In fact, by Engel's theorem, any finite-dimensional nilpotent Lie algebra is conjugate to a subalgebra of the strictly upper triangular matrices, that is to say, a finite-dimensional nilpotent Lie algebra is simultaneously strictly upper triangularizable.

Algebras of upper triangular matrices have a natural generalization in functional analysis which yields nest algebras on Hilbert spaces.

The set of invertible triangular matrices of a given kind (upper or lower) forms a group, indeed a Lie group, which is a subgroup of the general linear group of all invertible matrices. A triangular matrix is invertible precisely when its diagonal entries are invertible (non-zero).

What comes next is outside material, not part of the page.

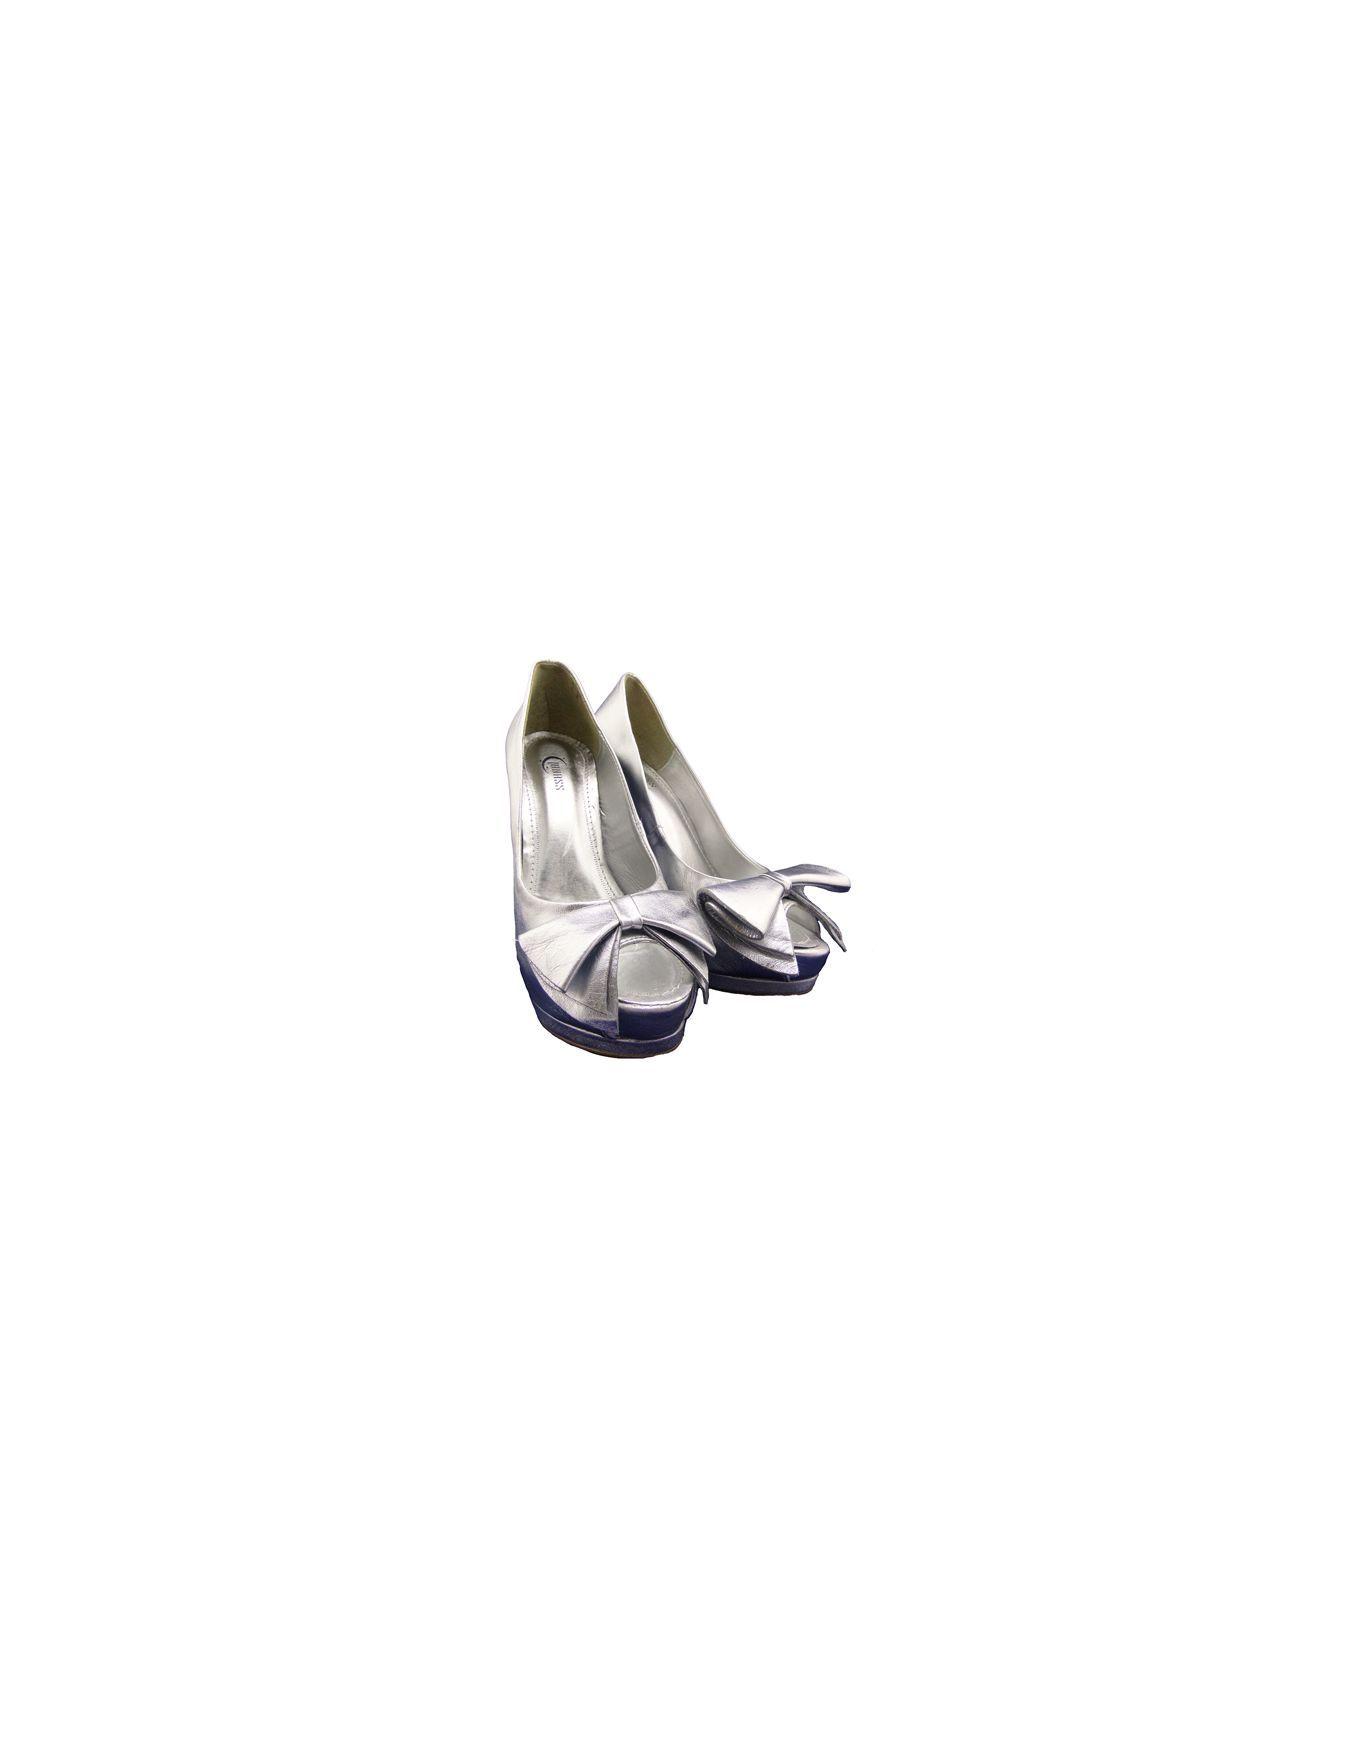 Calçados femininos de festa http://blacksuitdress.com.br/17-calcados #sapatofeminino #sapatodefesta #modafesta
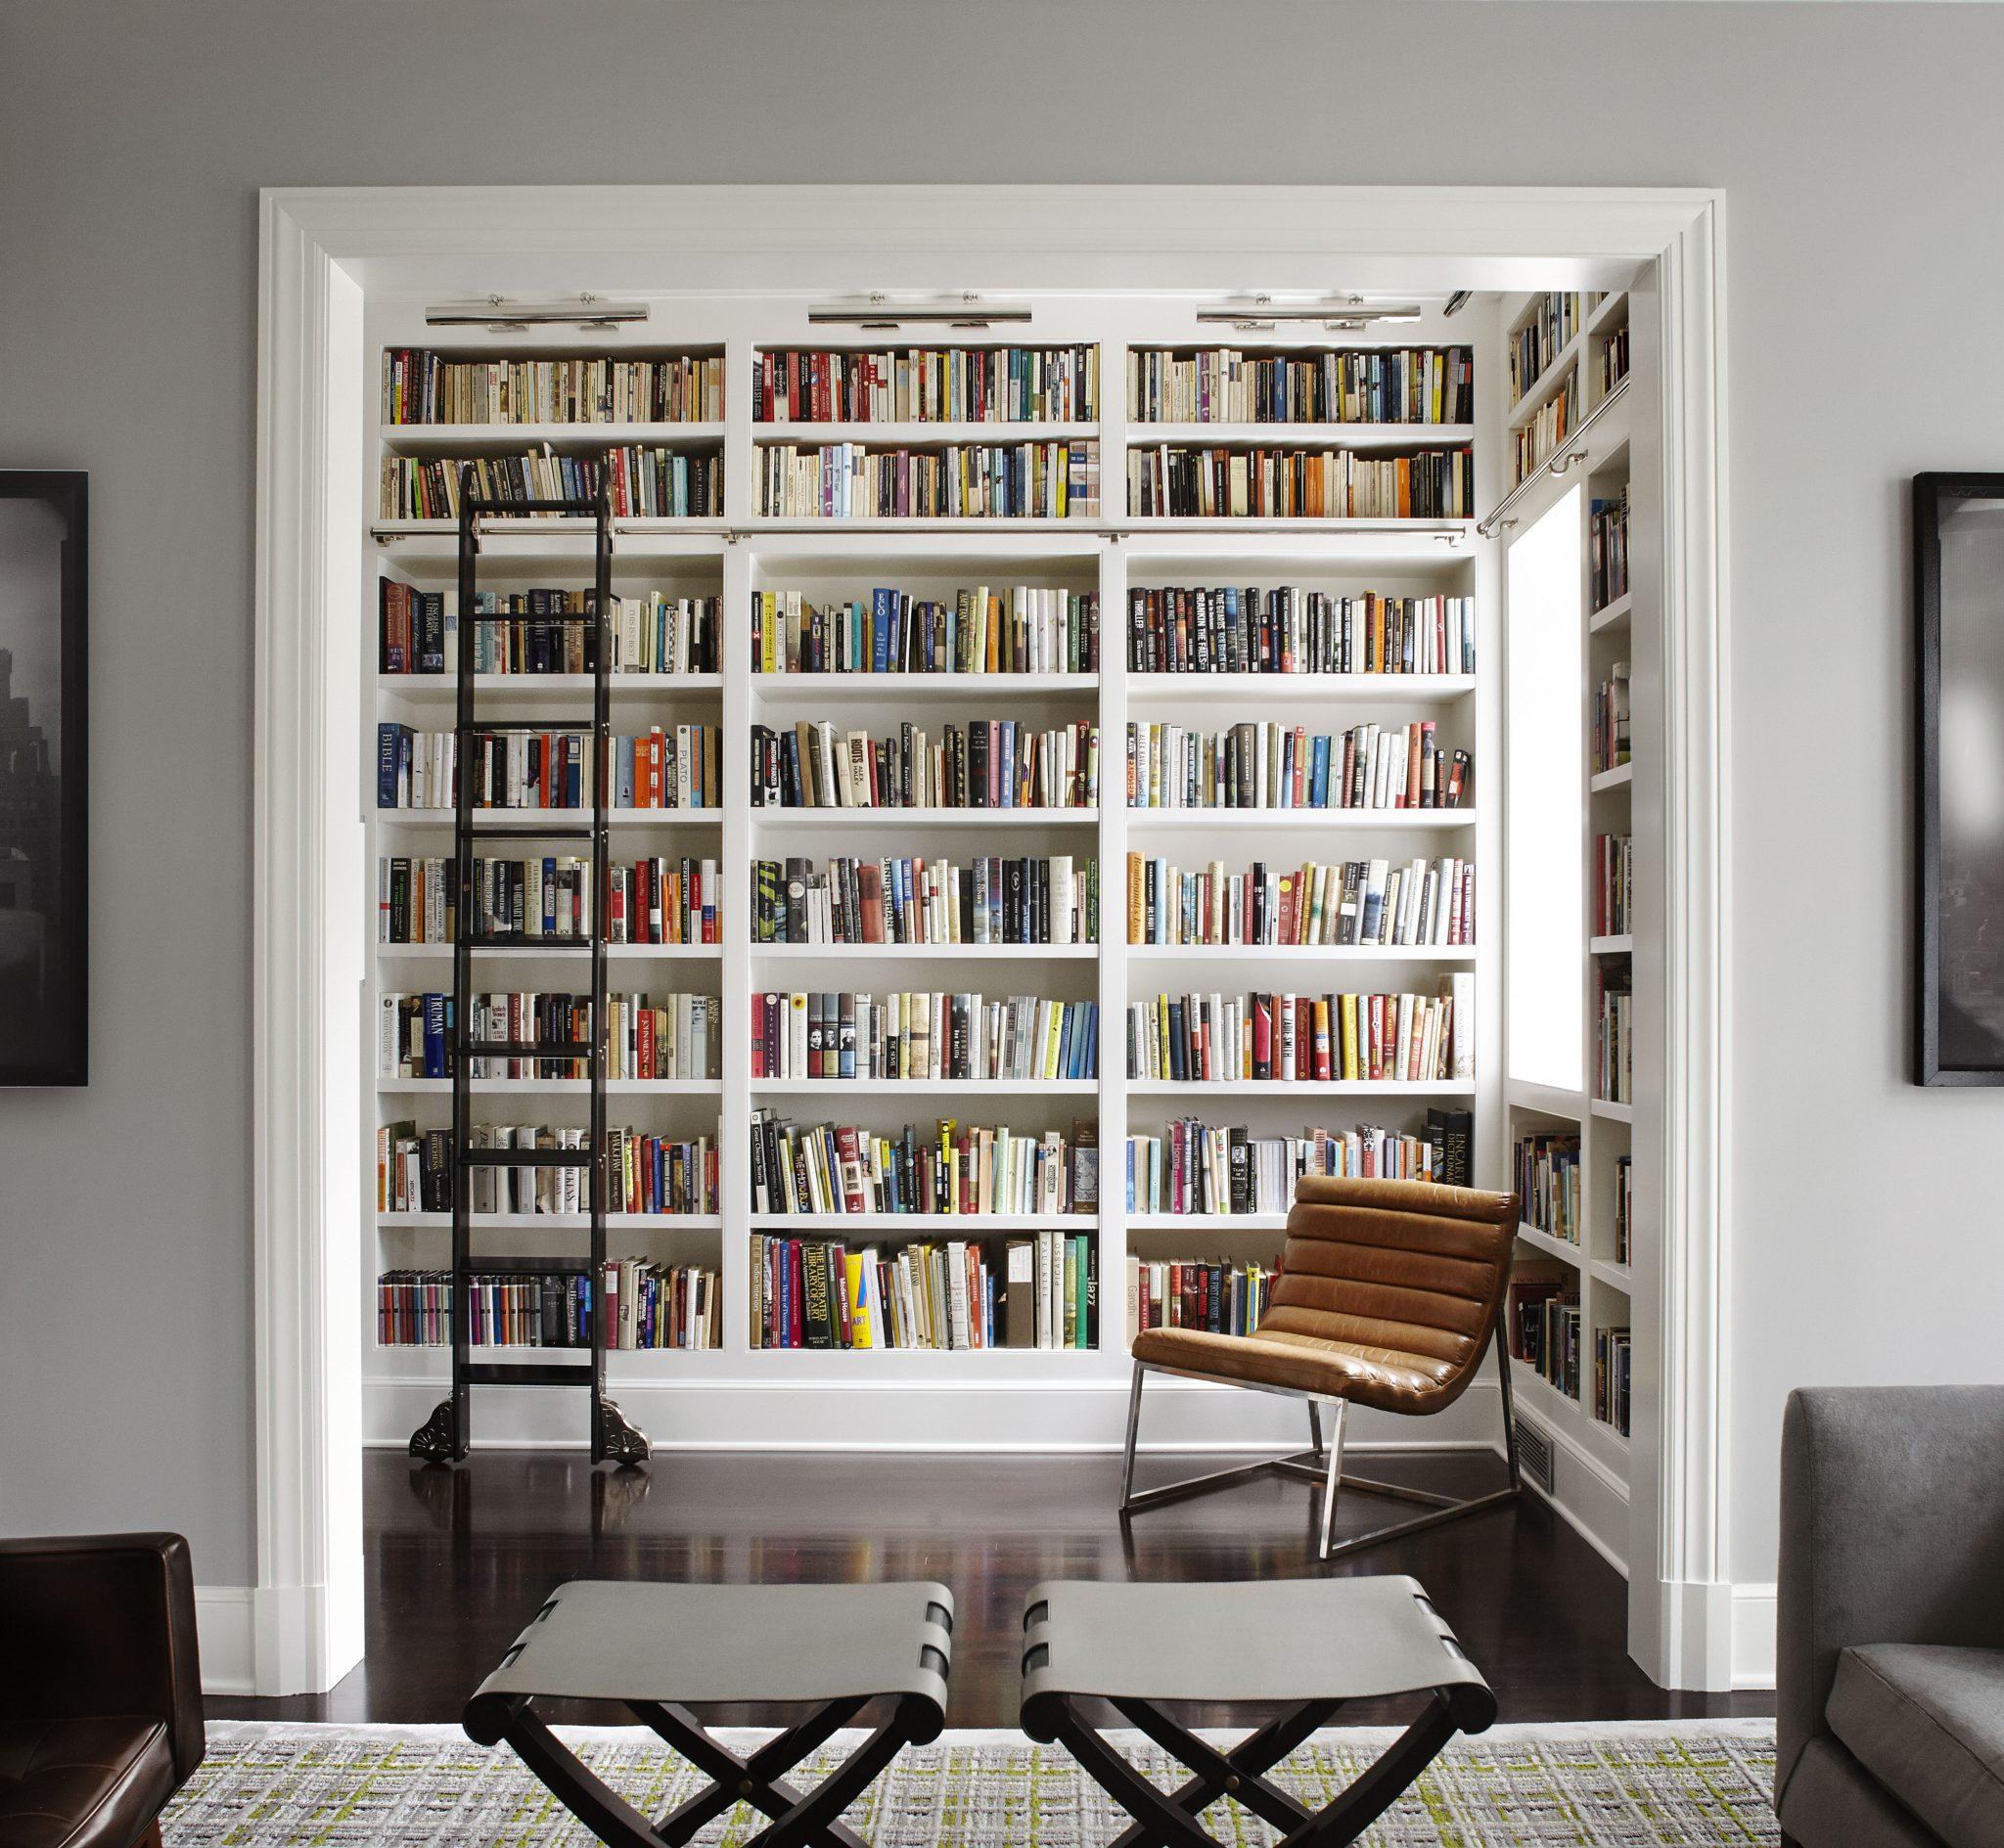 Interior design by Lichten Craig

The upper triangular matrices are precisely those that stabilize the standard flag. The invertible ones among them form a subgroup of the general linear group, whose conjugate subgroups are those defined as the stabilizer of some (other) complete flag. These subgroups are Borel subgroups. The group of invertible lower triangular matrices is such a subgroup, since it is the stabilizer of the standard flag associated to the standard basis in reverse order.

The stabilizer of a partial flag obtained by forgetting some parts of the standard flag can be described as a set of block upper triangular matrices (but its elements are not all triangular matrices). The conjugates of such a group are the subgroups defined as the stabilizer of some partial flag. These subgroups are called parabolic subgroups.

The group of 2×2 upper unitriangular matrices is isomorphic to the additive group of the field of scalars; in the case of complex numbers it corresponds to a group formed of parabolic Möbius transformations; the 3×3 upper unitriangular matrices form the Heisenberg group.